The boxes had not yet been bound with steel bands and sealed across the lock with the Mint's stamp. That would happen when they reached the weighing-room on their departure. But the weight they now held would already have been checked, and Dacre knew that it must not alter.
First he examined the locks, and once more confronted the skill of Linus Yale. Each box had its individual lock, opened by a flat metal key. Instead of the conventional tumbler mechanism, the entire lock turned with the key to open the box. But the edge of the flat key was a mass of peaks and indentations, indicating an array of pins of different lengths, all of which had to be lifted simultaneously to free the lock. To have picked twenty-eight such locks would have taken even Verney Dacre a very long time. But he had twice dissected such a device, bought for the purpose, with the loving care which a student of anatomy might have given to a choice cadaver. The locks would not be closely examined again until they reached the banks. That being so, he could open them in a few minutes.

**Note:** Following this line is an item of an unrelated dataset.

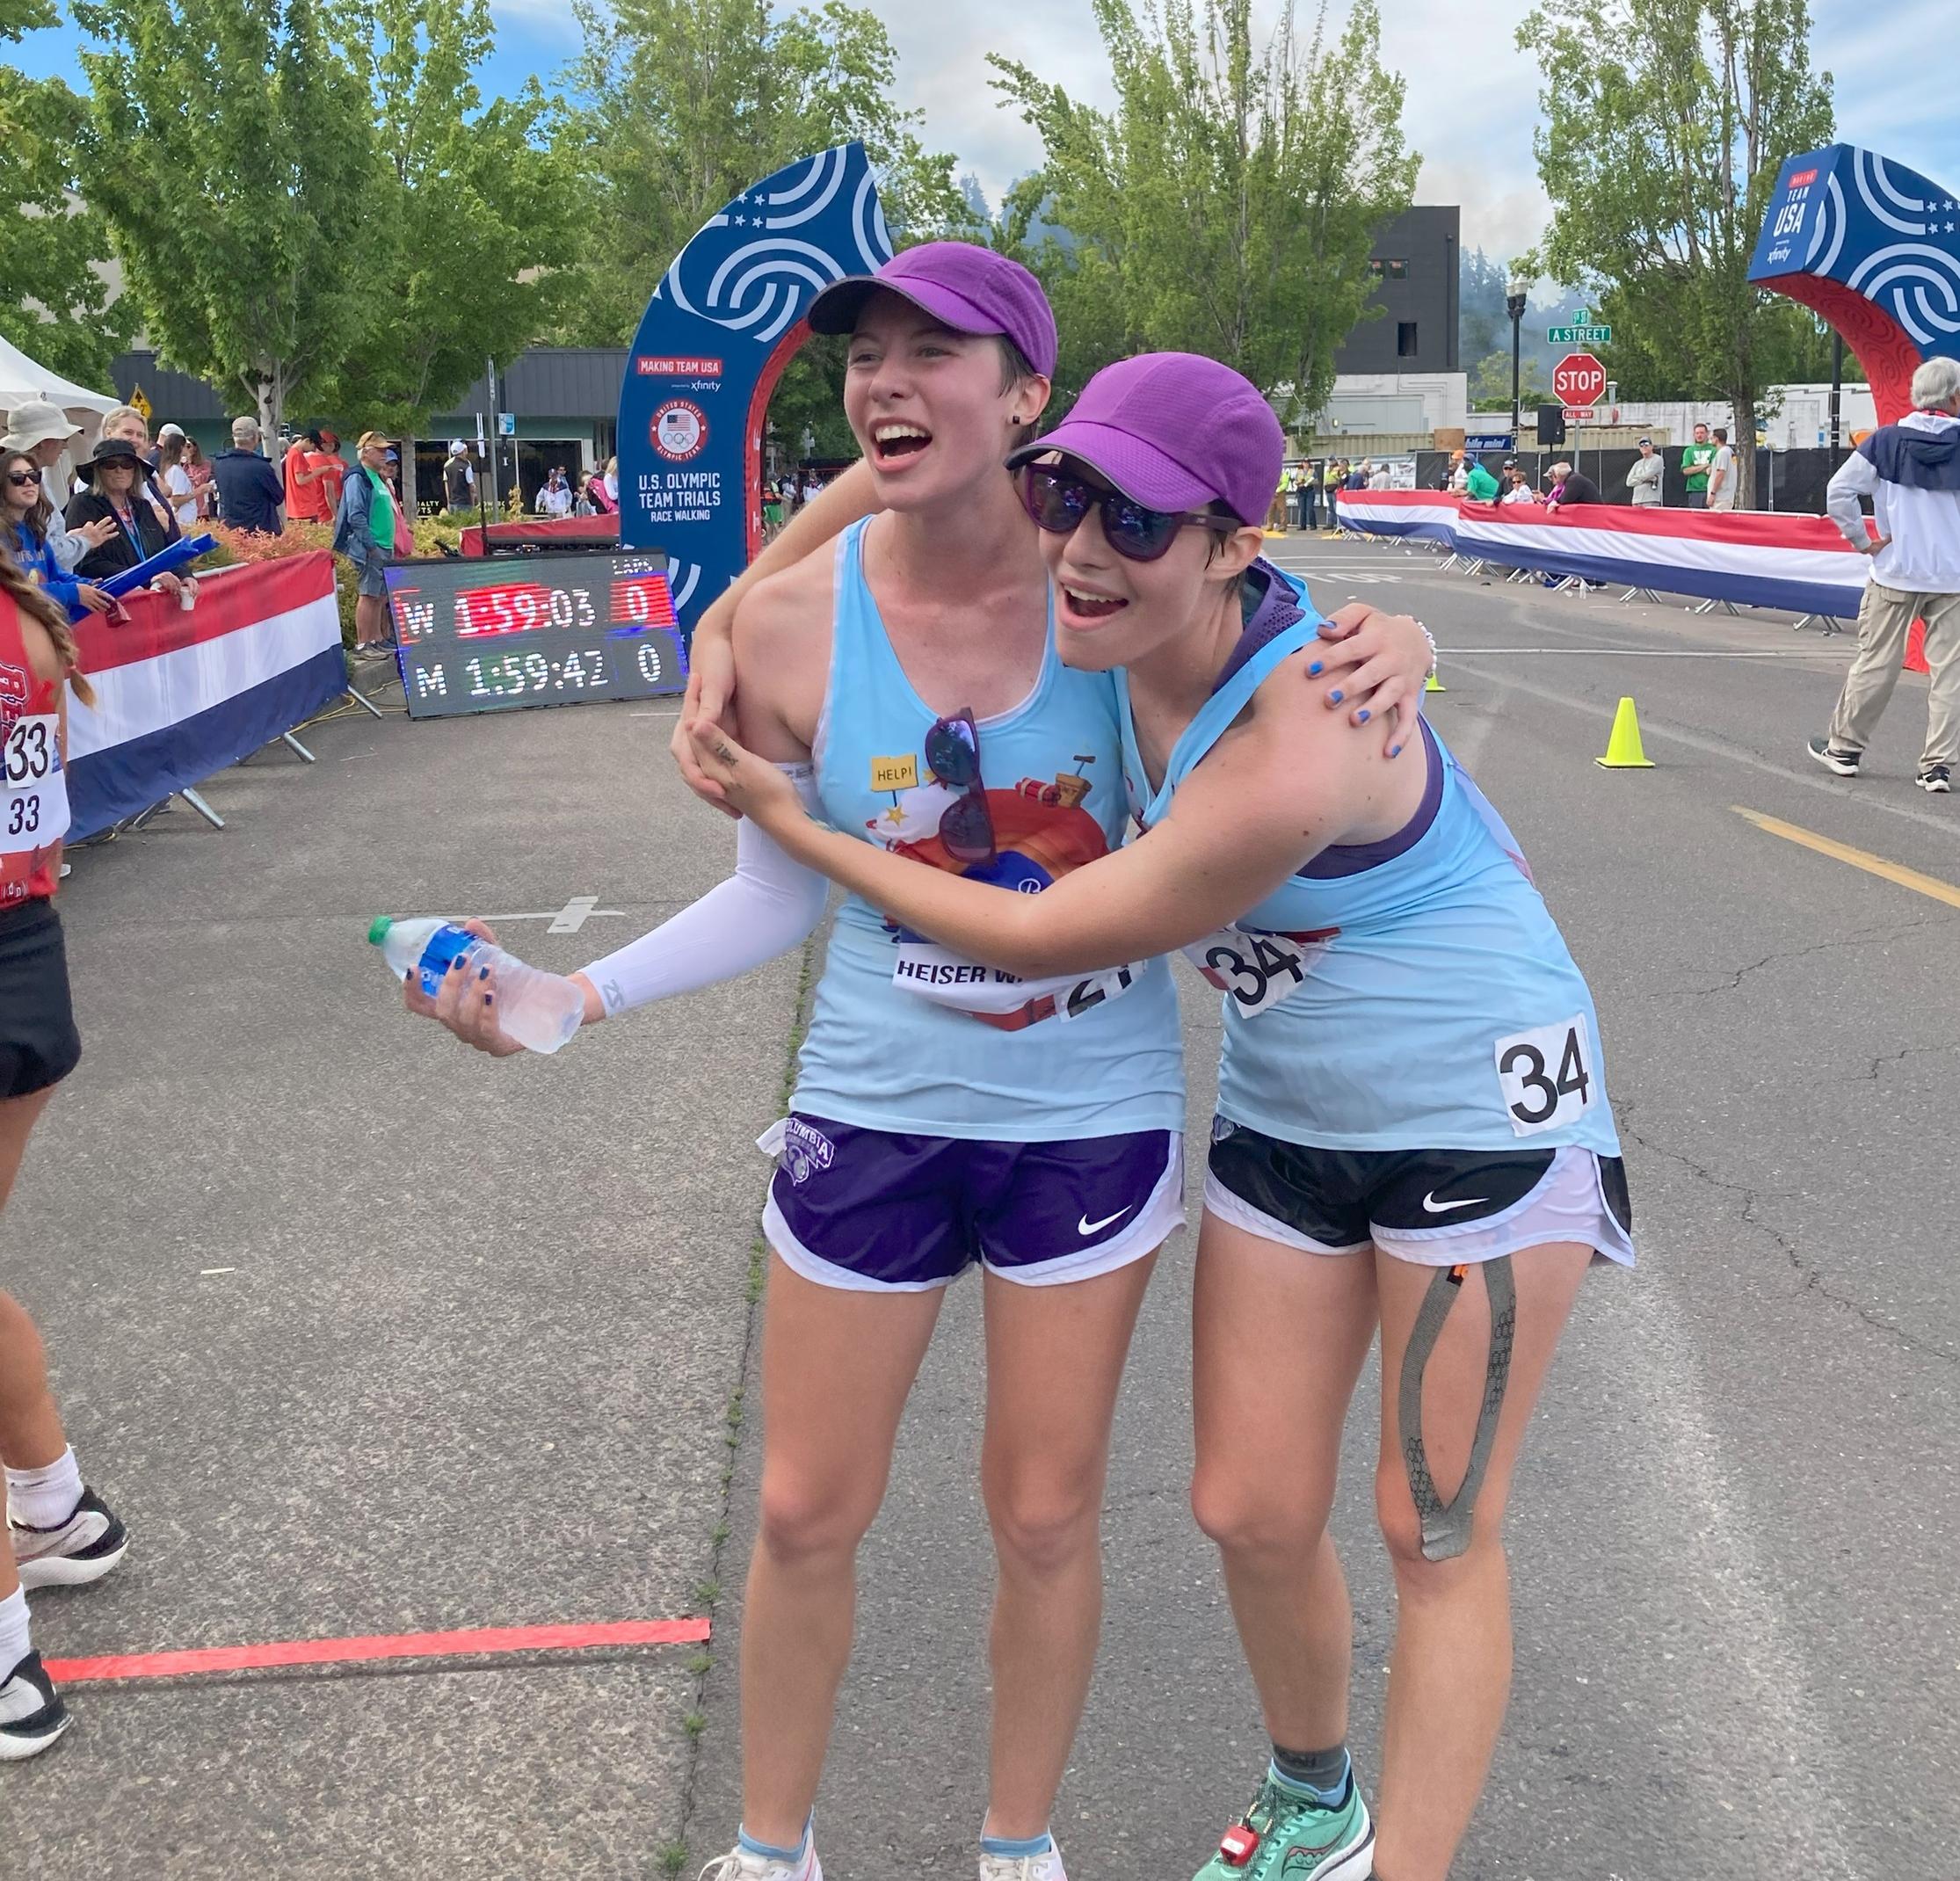 in the finish area, Jesi (right) says "it looks like I am hugging Tori but really I just needed something to lean on so I didn't fall over!", courtesy of Ian Whatley
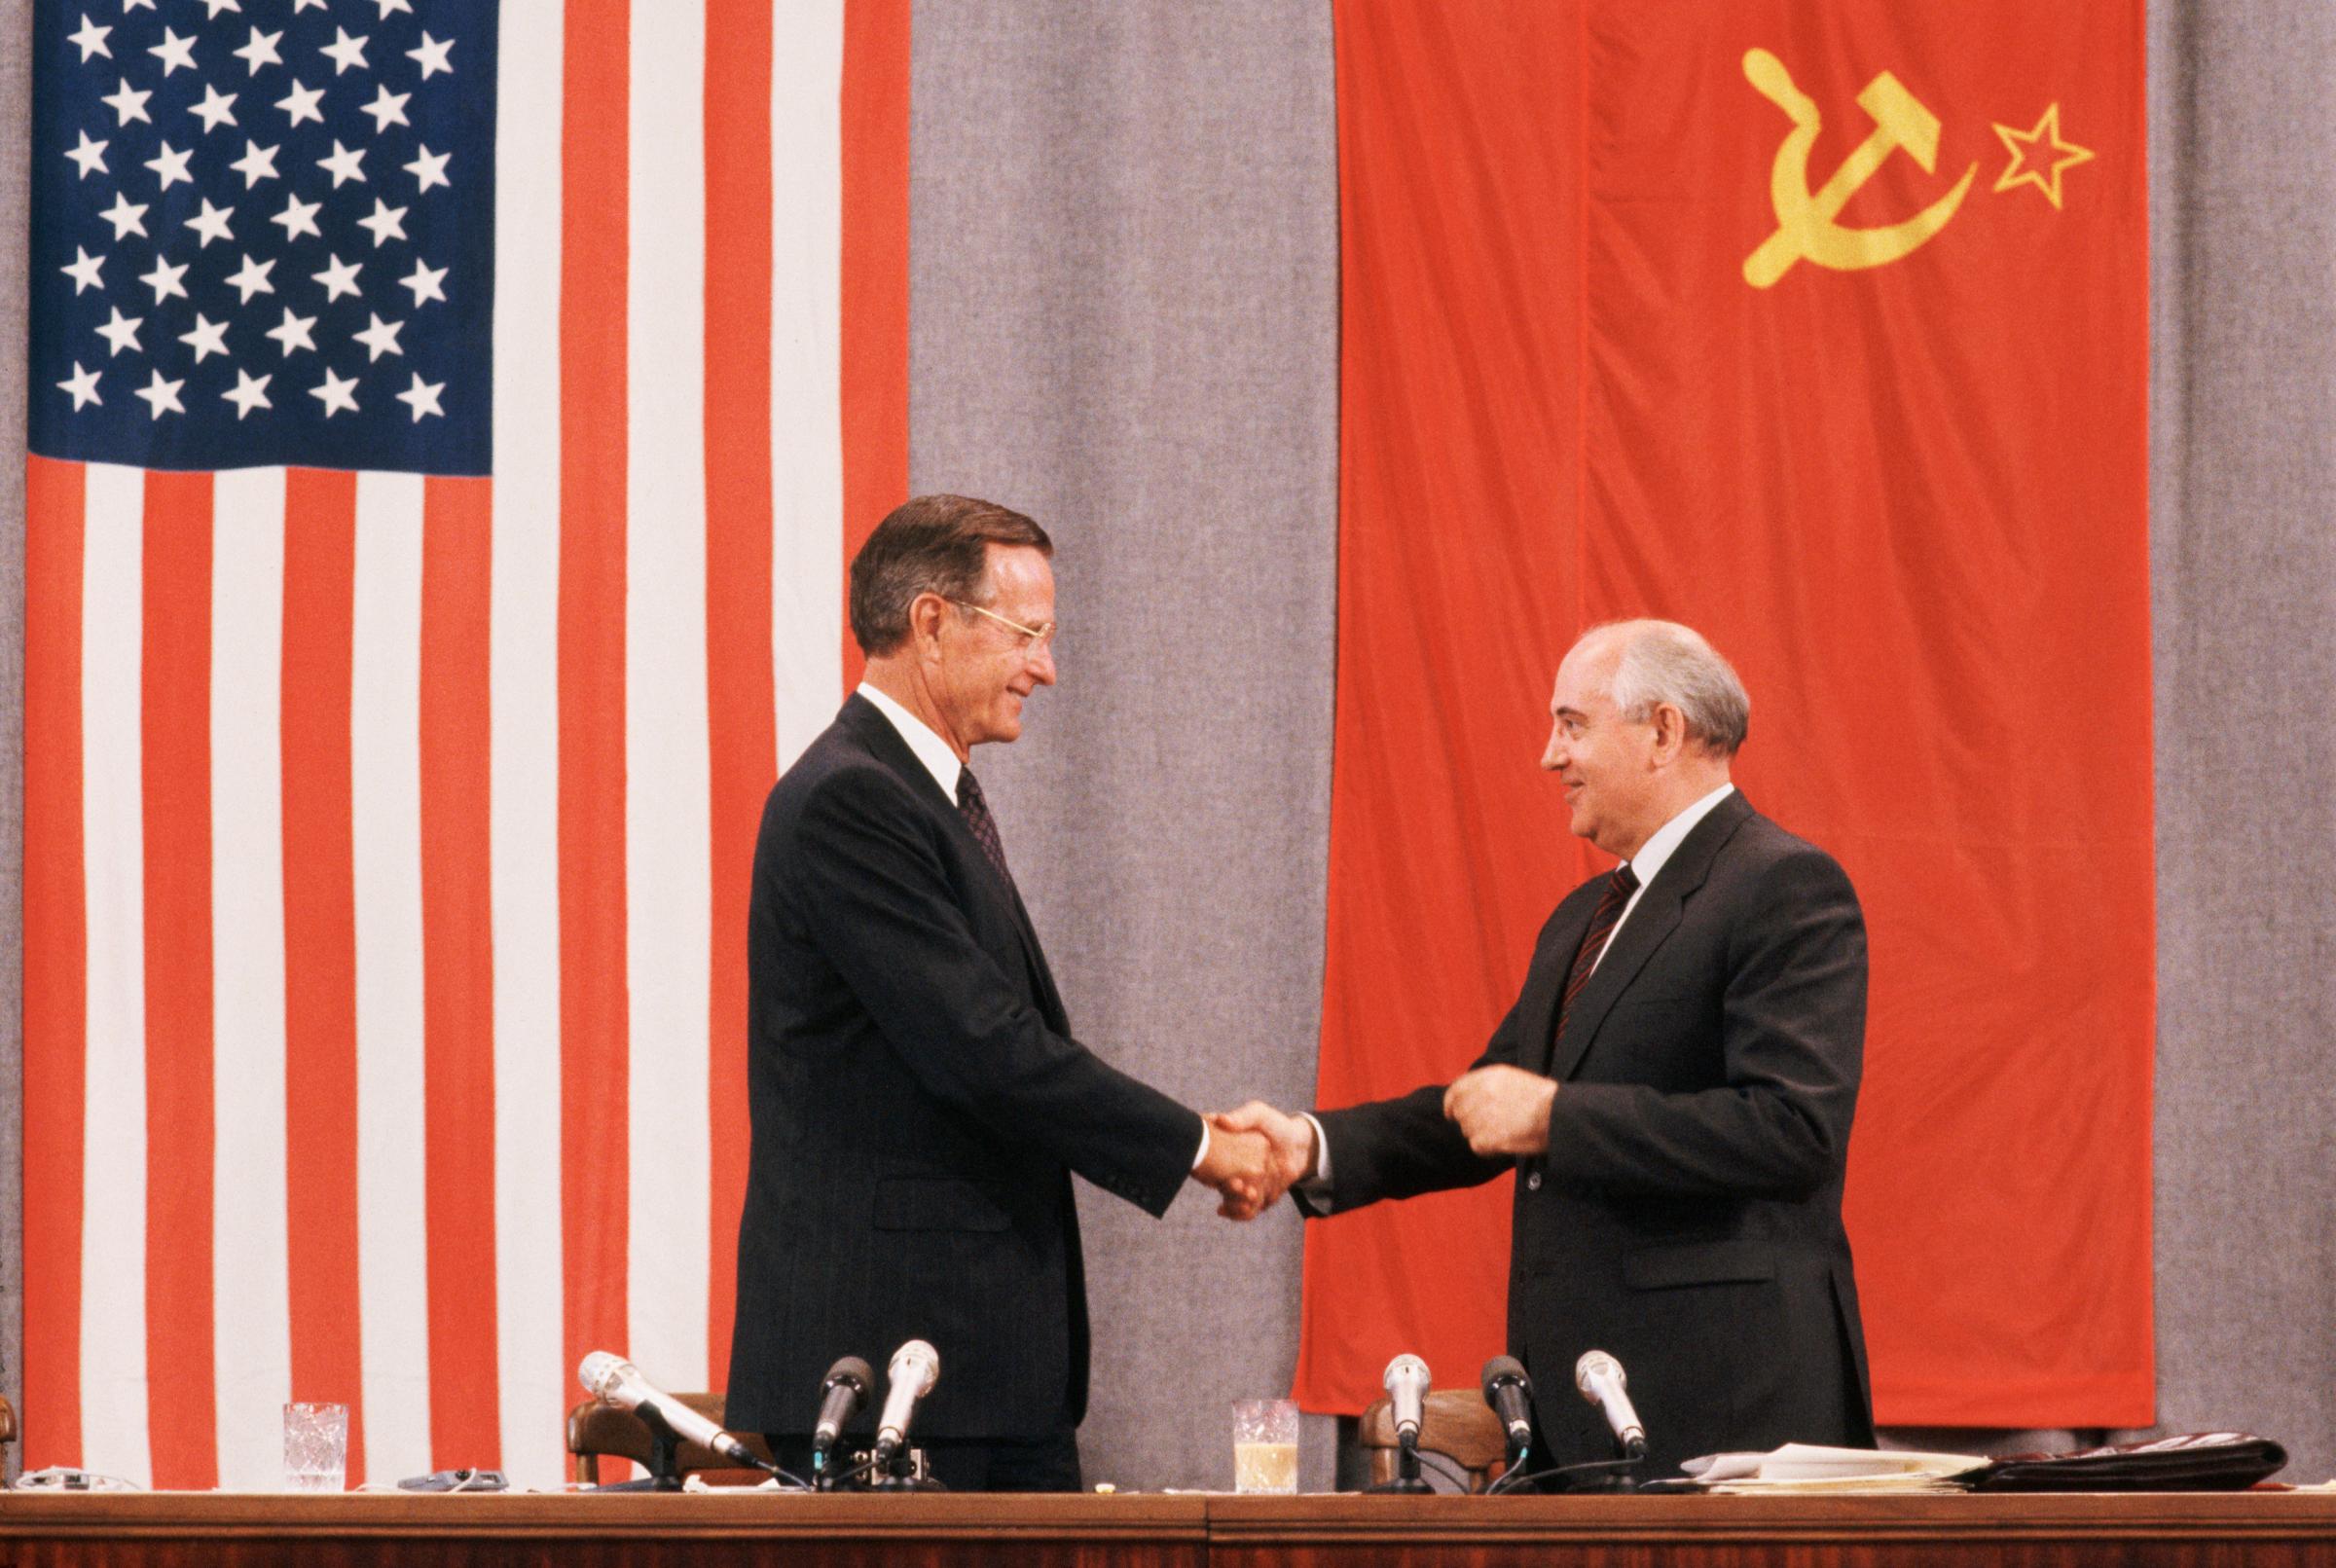 Presidents George H.W. Bush and Mikhail Gorbachev shake hands at the end of a press conference about the peace summit in Moscow on July 31, 1991.

Returning to his array of tools, Dacre chose a craftsman's drill and fitted a small diamond-headed bit to it. He crouched before the first box with its black-painted lock-plate. The chosen point was quarter of an inch above the slit of the key opening. The tip of the drill was no more than a millimetre in size. Supporting himself on one knee, his left elbow steadied on his other thigh, Dacre wound the drill against the metal plate with all his strength. The stark pattern of veins and sinews in his face and neck, the racking pain in his wrists, bore witness to the exertion. But it was at this point that a tiny hole drilled through the mechanism would cut through the pins holding the lock closed. Once they had been defeated, a plain flat strip of metal inserted in the lock would turn it and open the box.